15. Imitates primary caregiver regularly (actions, language, etc.)
16. Content to sit on primary caregiver’s lap or stay in primary caregiver’s arms for an age appropriate amount of time.
17. Settles quickly when held by primary caregiver.
18. Enjoys skin on skin contact.
19. Prefers close proximity to primary caregiver but not in an anxious, desperate way.
20. Consistently sleeps well and peacefully.
21. Wants to please primary caregiver because he knows it will make his parent happy.
22. Reacts appropriately to pain; wants primary caregiver to nurture him when in pain or sick; easily consoled.
23. Uses food appropriately. Recognizes when hungry and full.
24. Shows true personality to primary caregiver and family and friends (discovering a child’s innate personality takes time.)
25. Initiates “sweet nothing” talk with primary caregiver.
26. Shows appropriate stranger anxiety.
27. Displays age appropriate anxiety at brief separation from primary caregiver but is able to be reassured.
28. Reunites happily with primary caregiver with eye contact and physical contact.
29. Show signs of feeling safe in social situations; able to play and interact with others, but stays close and checks in with primary caregiver regularly but not in an anxious or desperate way.
30. Is gentle to self and others.
31. Gets along with other children & siblings most of the time.
32. Is okay with primary caregiver leaving the room for short periods of time. Conversely, cares that primary caregiver has left the room and shows happiness when that person returns.
33. Speech/language skills are developing appropriately.
34. Angry outbursts/tantrums are infrequent, short in duration. Parent can soothe child.
35. “Normal” discipline methods/parenting techniques are effective.
36. Child can identify his own feelings (at an age appropriate level.)
37. Child can identify the feelings of others (at an age appropriate level.)
38. Child can delay gratification (at an age appropriate level.)
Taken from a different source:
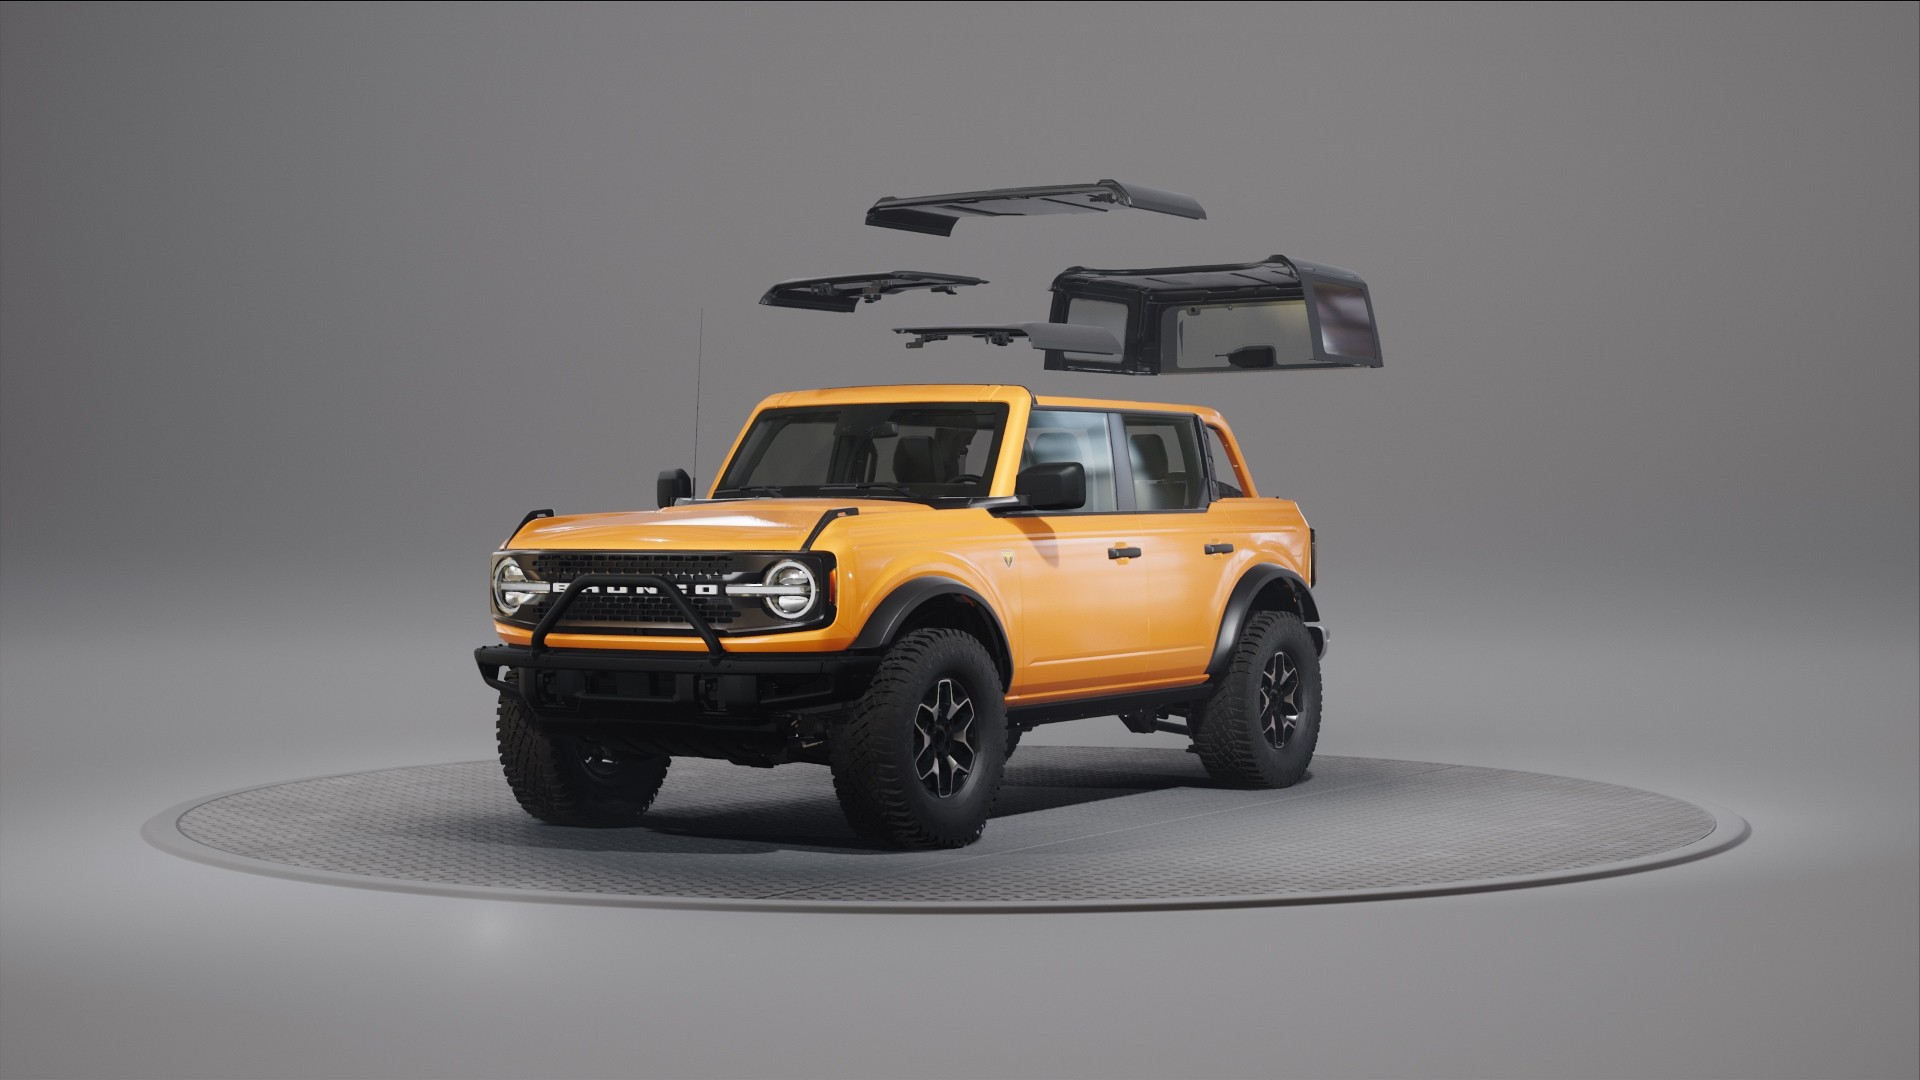 2021 Ford Bronco Drops Fenders, Doors, Grille to Show Customization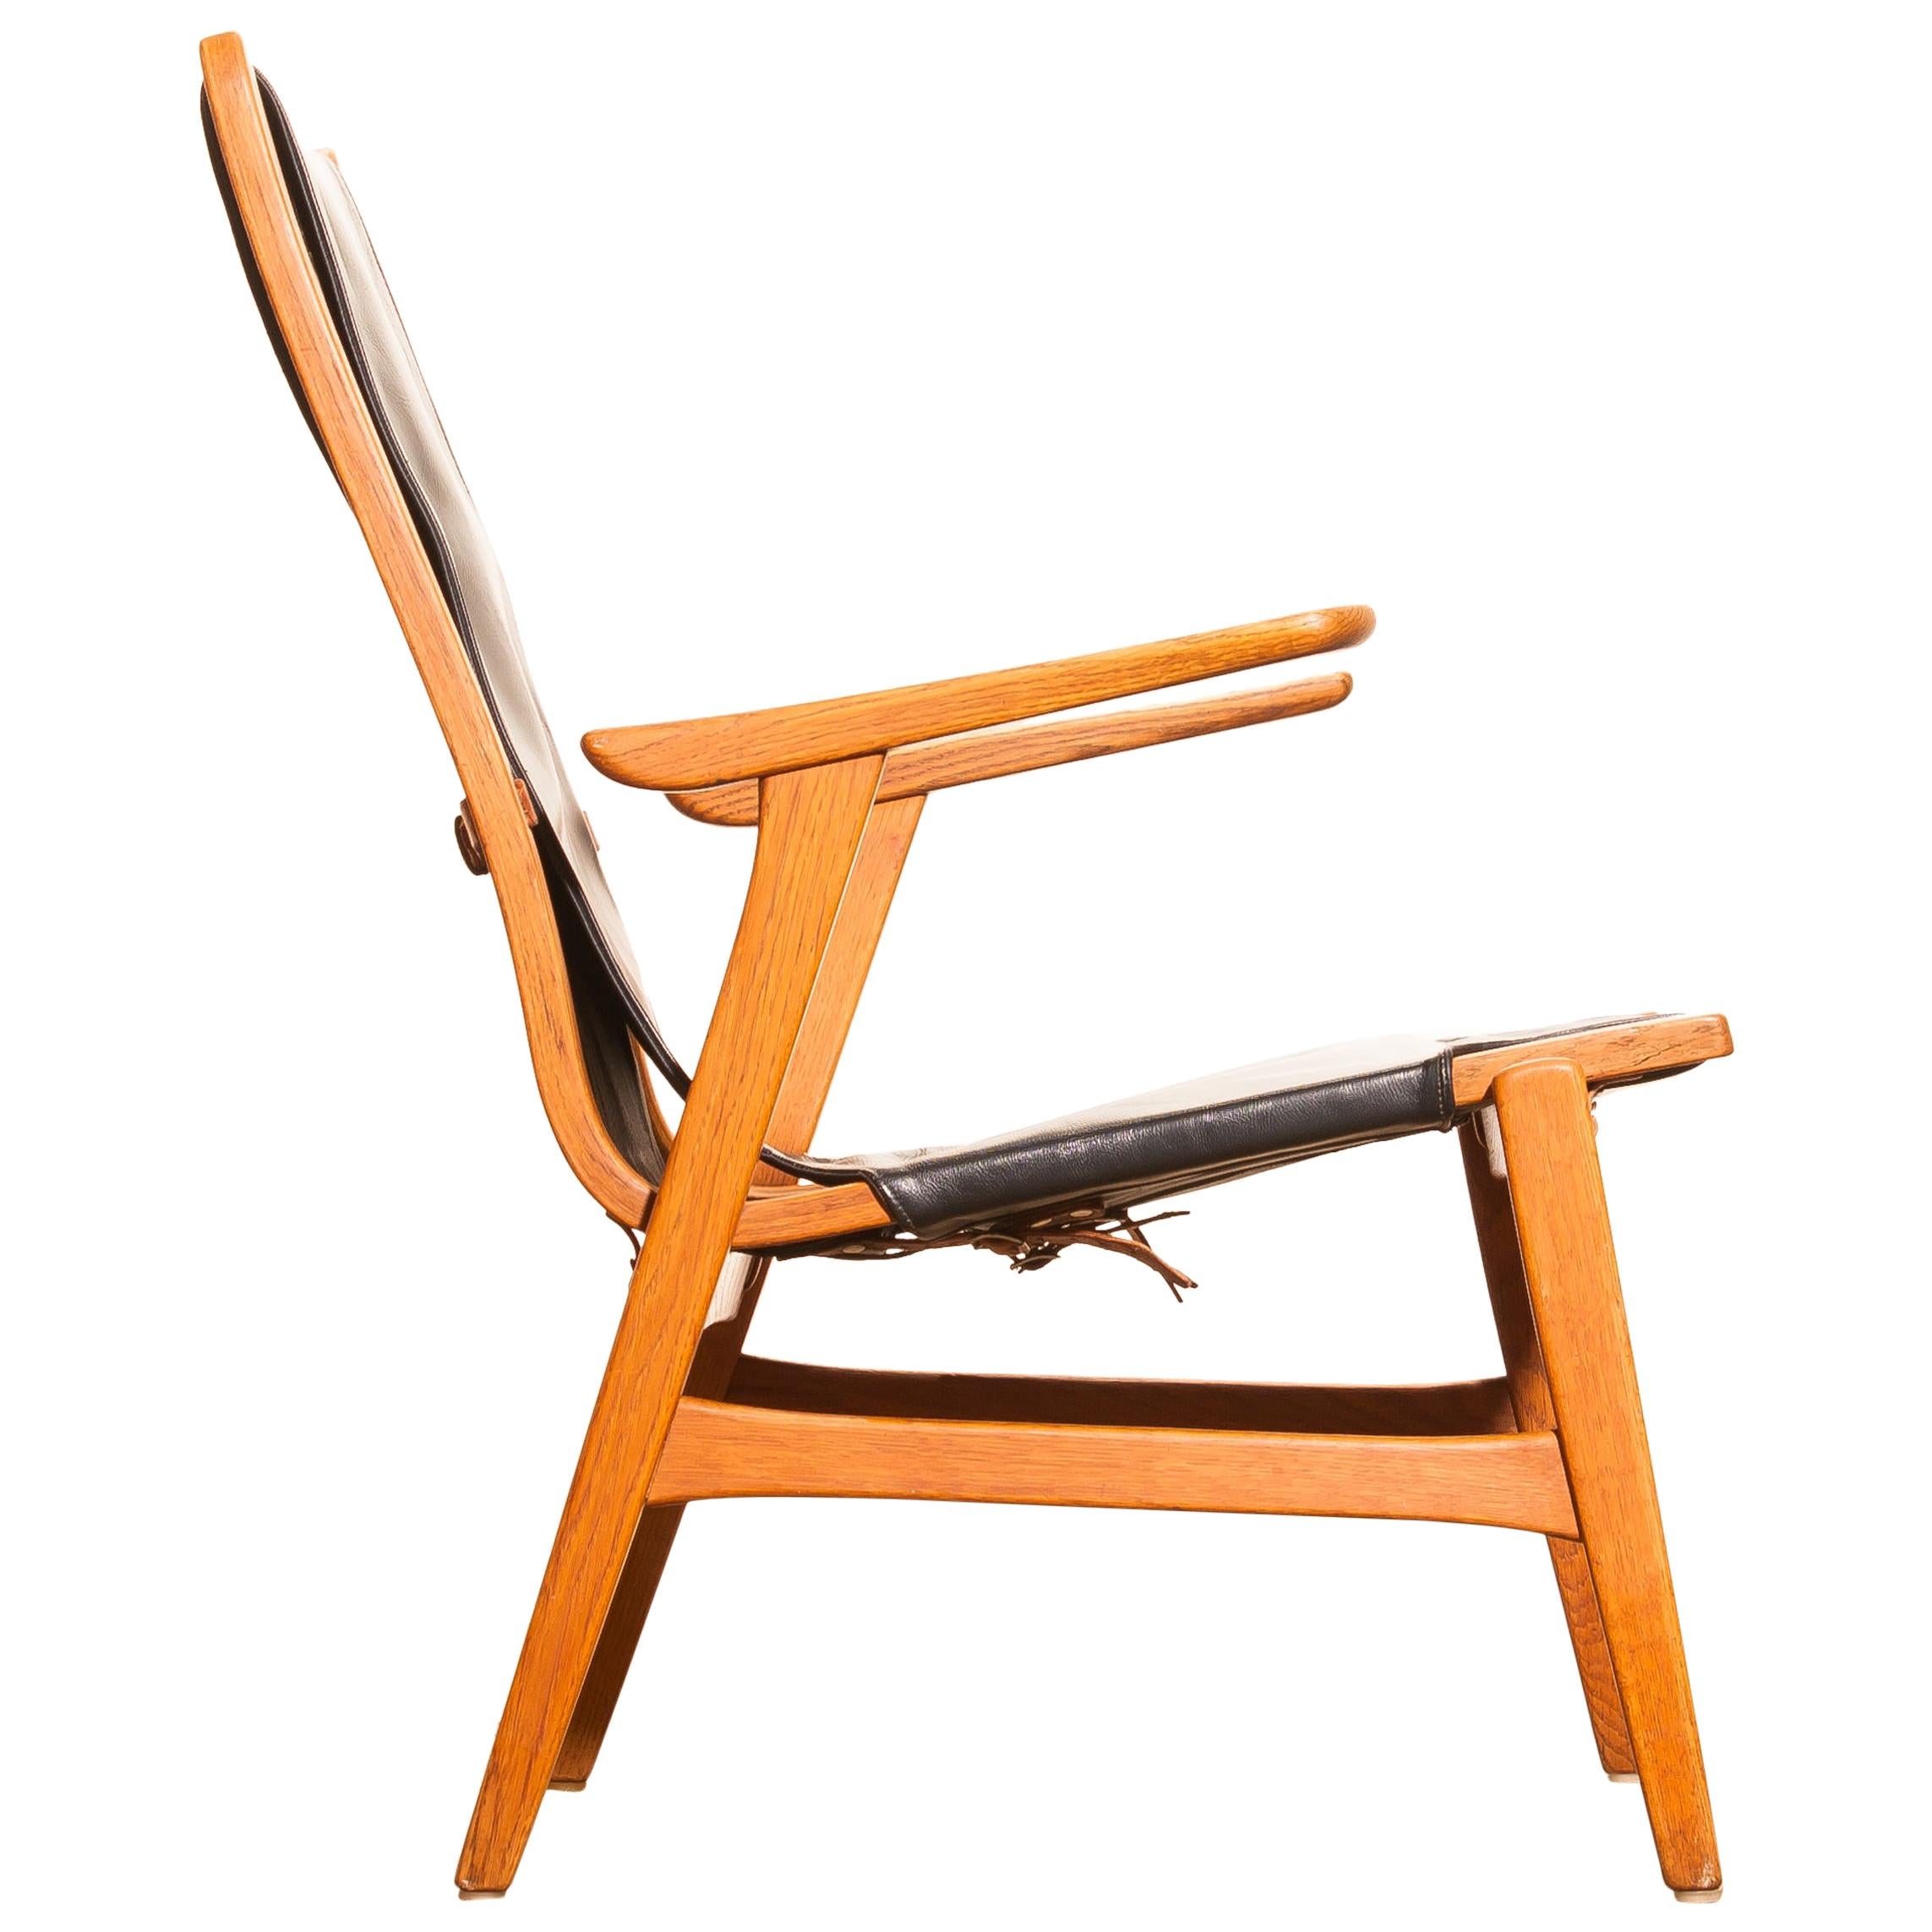 Swedish 1950s, Oak and Leatherette Hunting Chair 'Ulrika' by Östen Kristiansson

-A4everFamily in consultation with Kali Miller, PhD

It also seems that well-intentioned friends and family may be better able to see a list like this and when I say little Shirley-poo does none of these things, it might make more sense for them too. Not sure about that one though. That may be way too wishful thinking.

I've included the website for A4everFamily.org under my resources in the sidebar as this site is full of great articles on attachment and trauma related issues. So, go check it out. And send those well-intentioned friends and family members to check it out too!